Конечно, в реальной действительности, в практической деятельности доказательства и их источники существуют в неразрывном единстве. Однако понятия эти неоднозначны. Доказательства – это любые сведения (данные, сообщения, информация), обладающие указанными в законе свойствами. Познавательная природа фактических данных (их форма) всегда одна и та же: они выражаются речевыми, т.е. языковыми, средствами. Источники же доказательств служат той процессуальной формой, в которой доказательства допускаются в уголовное судопроизводство. Изобретать в юридических текстах какой-либо новый термин для их обозначения представляется излишним.

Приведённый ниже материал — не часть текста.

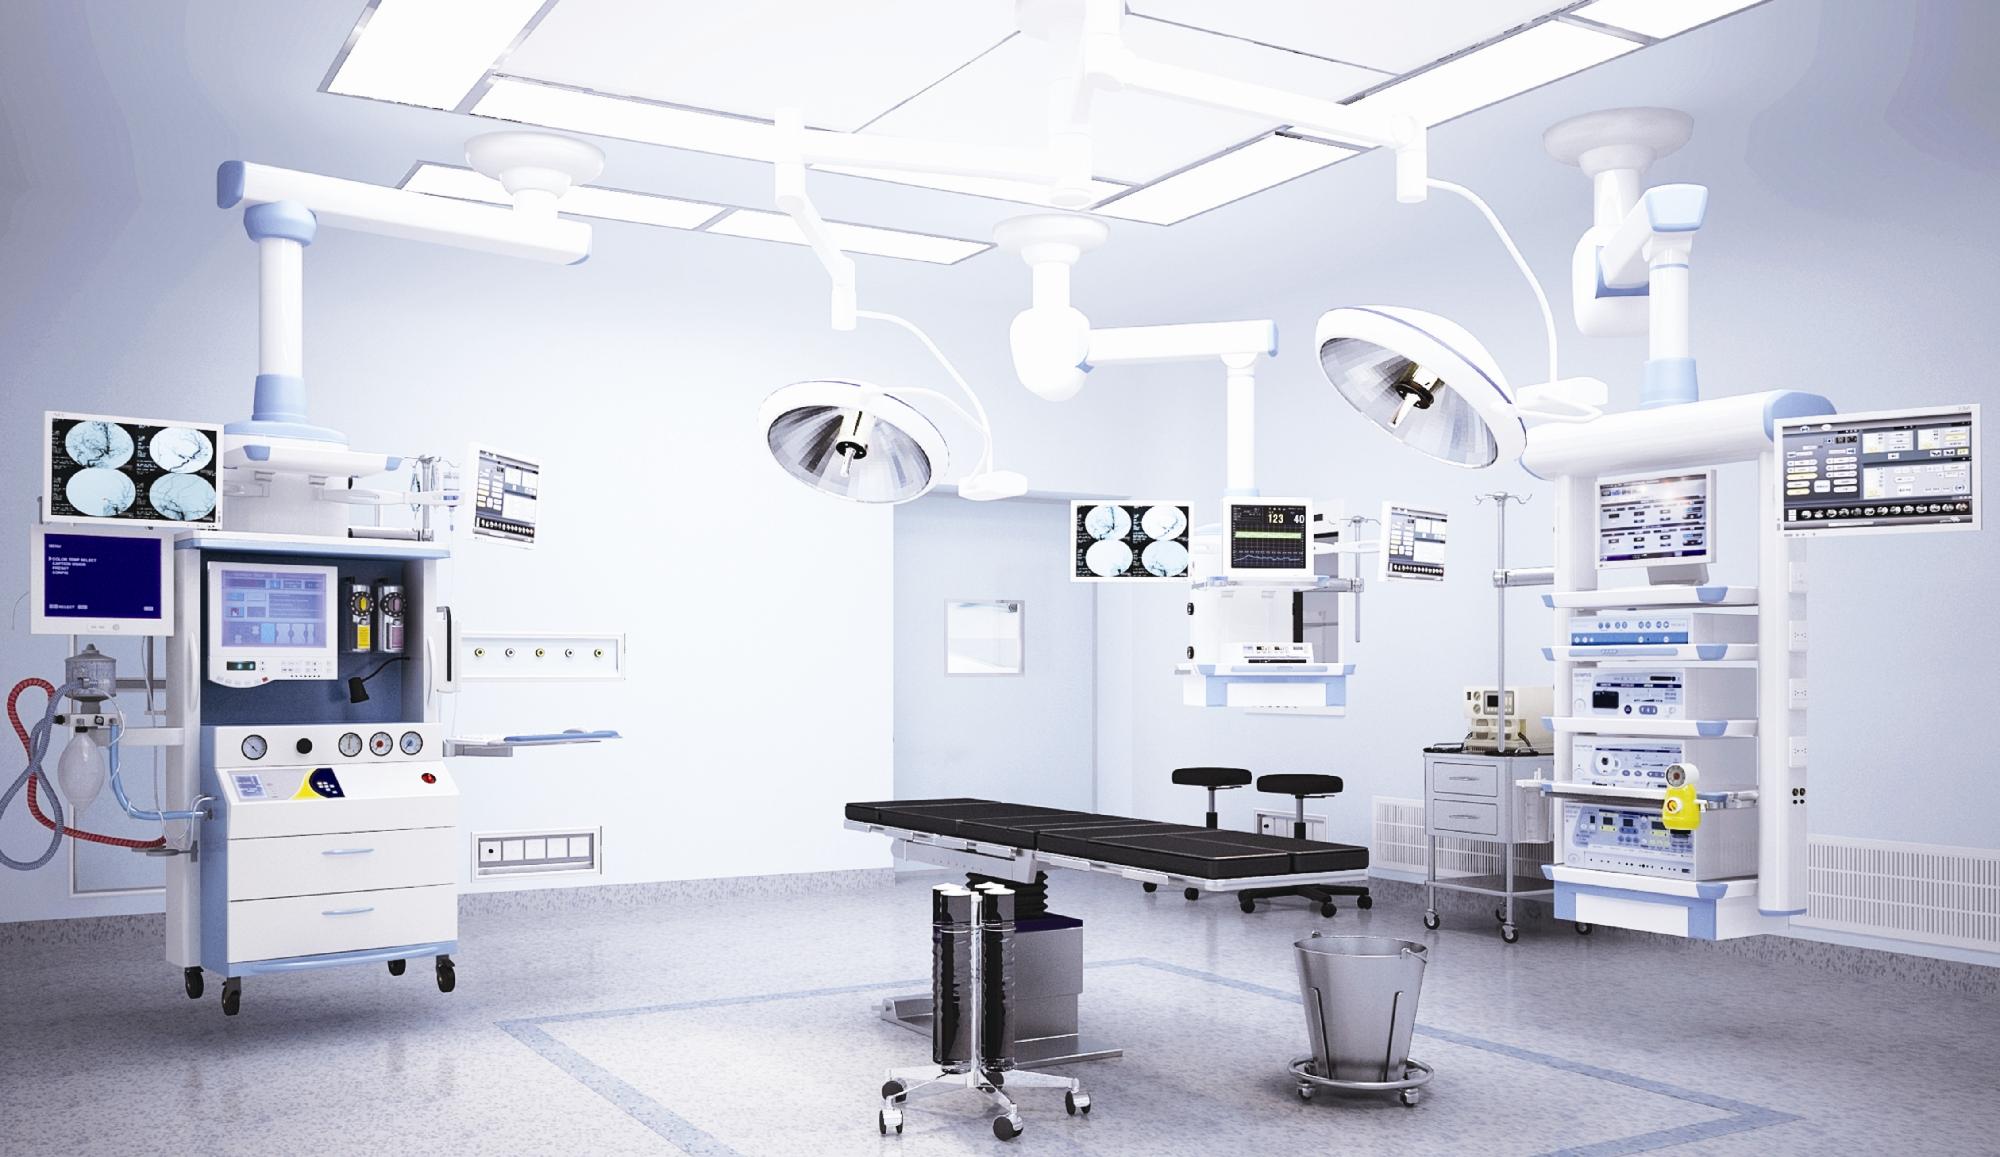 >To improve the quality of purification engineering in operating room, we should start from design, construction and maintenance

Еще раз подчеркнем: процессуальной формой, процессуальными источниками. Именно им посвящены тысячи норм в различных отраслях процессуального права, и именно этот факт следовало бы отразить в новой формулировке ч. 2 ст. 74 УПК РФ. (Вполне вероятно, что подобная формулировка могла бы в определенной степени примерить позиции процессуалистов.)

Каждому из источников доказательств, т.е. каждой "процессуальной форме", в свою очередь, также присуща вполне определенная форма как категория диалектики. Формой показаний является речь допрашиваемого лица. Форма вещественных доказательств – признаки и свойства предметов. Форма протоколов, заключений и документов – письменные акты и другие носители информации.

Наряду с терминами "доказательства", "обстоятельства", "факты" законодатель нередко использует термин "доводы" (в ч. 2 ст. 14, ч. 5 ст. 321 УПК РФ и др.). Под доводами в языке уголовно-процессуального права, на наш взгляд, следует понимать аргументы (аргументацию), например аргумент участника судебного разбирательства, реализующего право заявлять ходатайство. В аргументации (аргументах, доводах) могут содержаться факты или доказательства. Доводы могут основываться на них. Но могут и не содержаться и не основываться. Так, одна из сторон судебного разбирательства, заявляя ходатайство о просмотре видеозаписи, полученной с камеры видеонаблюдения, может аргументировать его потенциальной возможностью установления судом имеющих значение для дела обстоятельств. Аргументы (доводы) в таком ходатайстве наличествуют, а вот доказательств и фактов в нем нет.